For the second one it would have to be ab > 0, because two negatives multiplied always make a positive. Not entirely sure how to prove that, though. Seems so elementary...

Hope this helped a bit... - Dec 18th 2008, 08:55 AMThePerfectHacker
I do the first one. When we say $\displaystyle b>a$ we say that $\displaystyle b-a$ is positive. But if $\displaystyle c$ is positive then $\displaystyle c(b-a) = bc - ac$ is positive (by the properties of order on the rationals).
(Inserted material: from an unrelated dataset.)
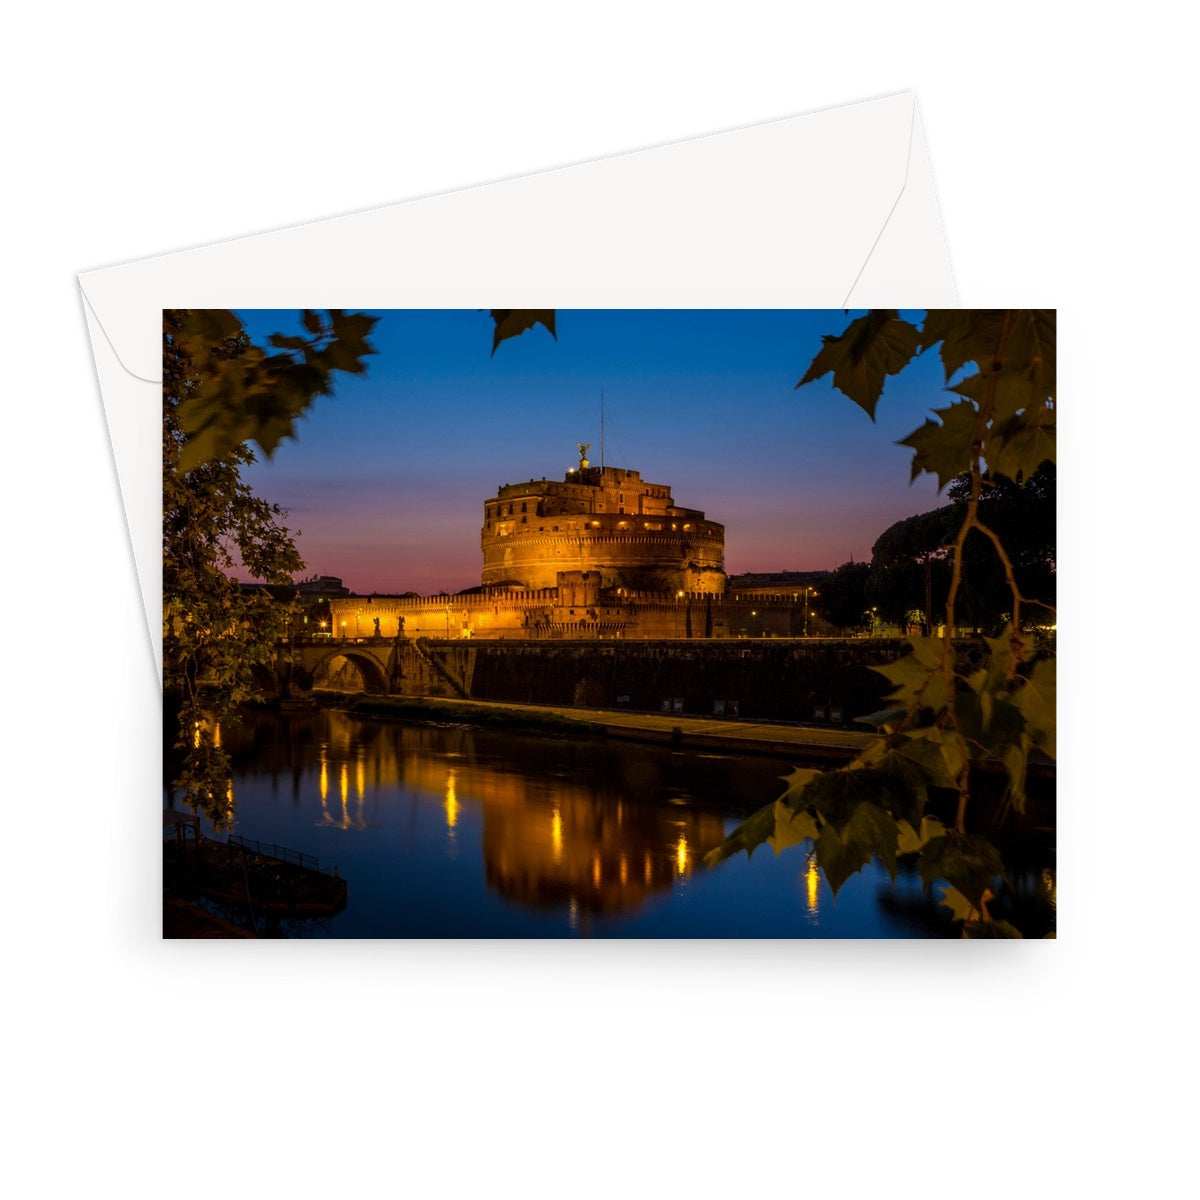 Castel sant'Angelo on the banks of the river tiber at night, Rome, Italy. Greeting Card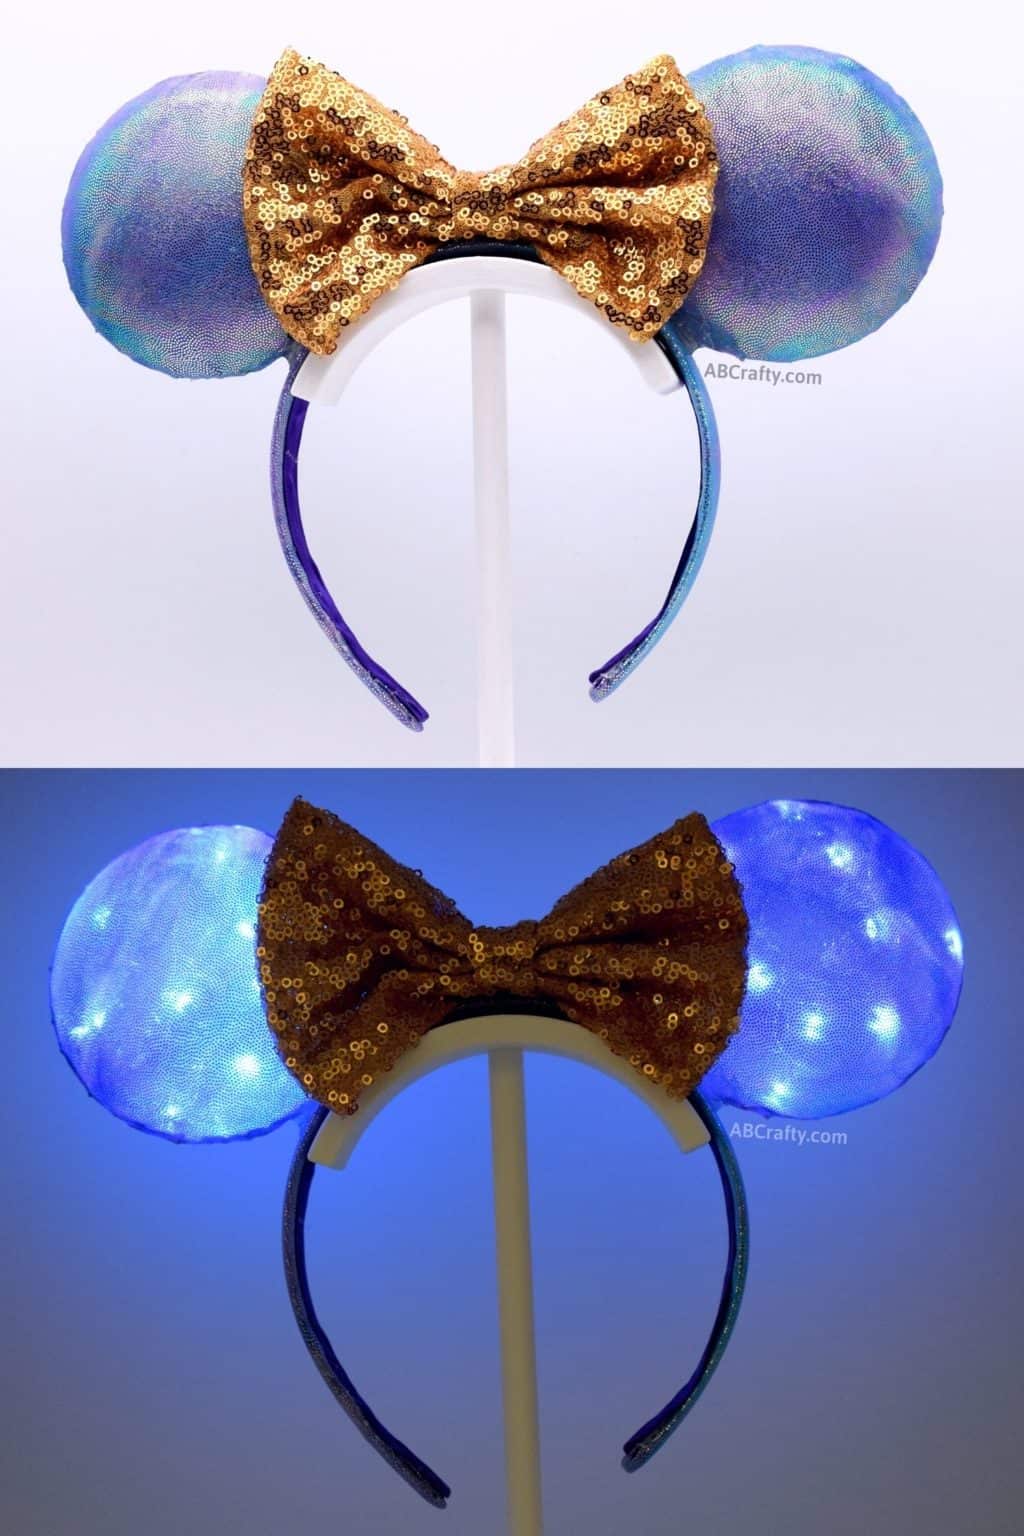 diy purple and blue iridescent mickey mouse ears both in the light and lit up in the disney world 50th anniversary colors

This means that $\displaystyle bc > ac$ by definition.

- Dec 20th 2008, 07:26 AMGrandadOrdering relations
Hi -

For the second one (which should be, of course, ab > 0), use the result of the first one, which I've called Lemma 1 as follows:

$\displaystyle a<0$ and $\displaystyle b<0$

$\displaystyle \implies a<0$ and $\displaystyle -b>0$

$\displaystyle \implies a\times (-b) < 0 \times (-b)$ (using Lemma 1, replacing $\displaystyle b$ by $\displaystyle 0$ and $\displaystyle c$ by $\displaystyle -b$)

$\displaystyle \implies -ab <0$

$\displaystyle \implies ab >0$

Grandad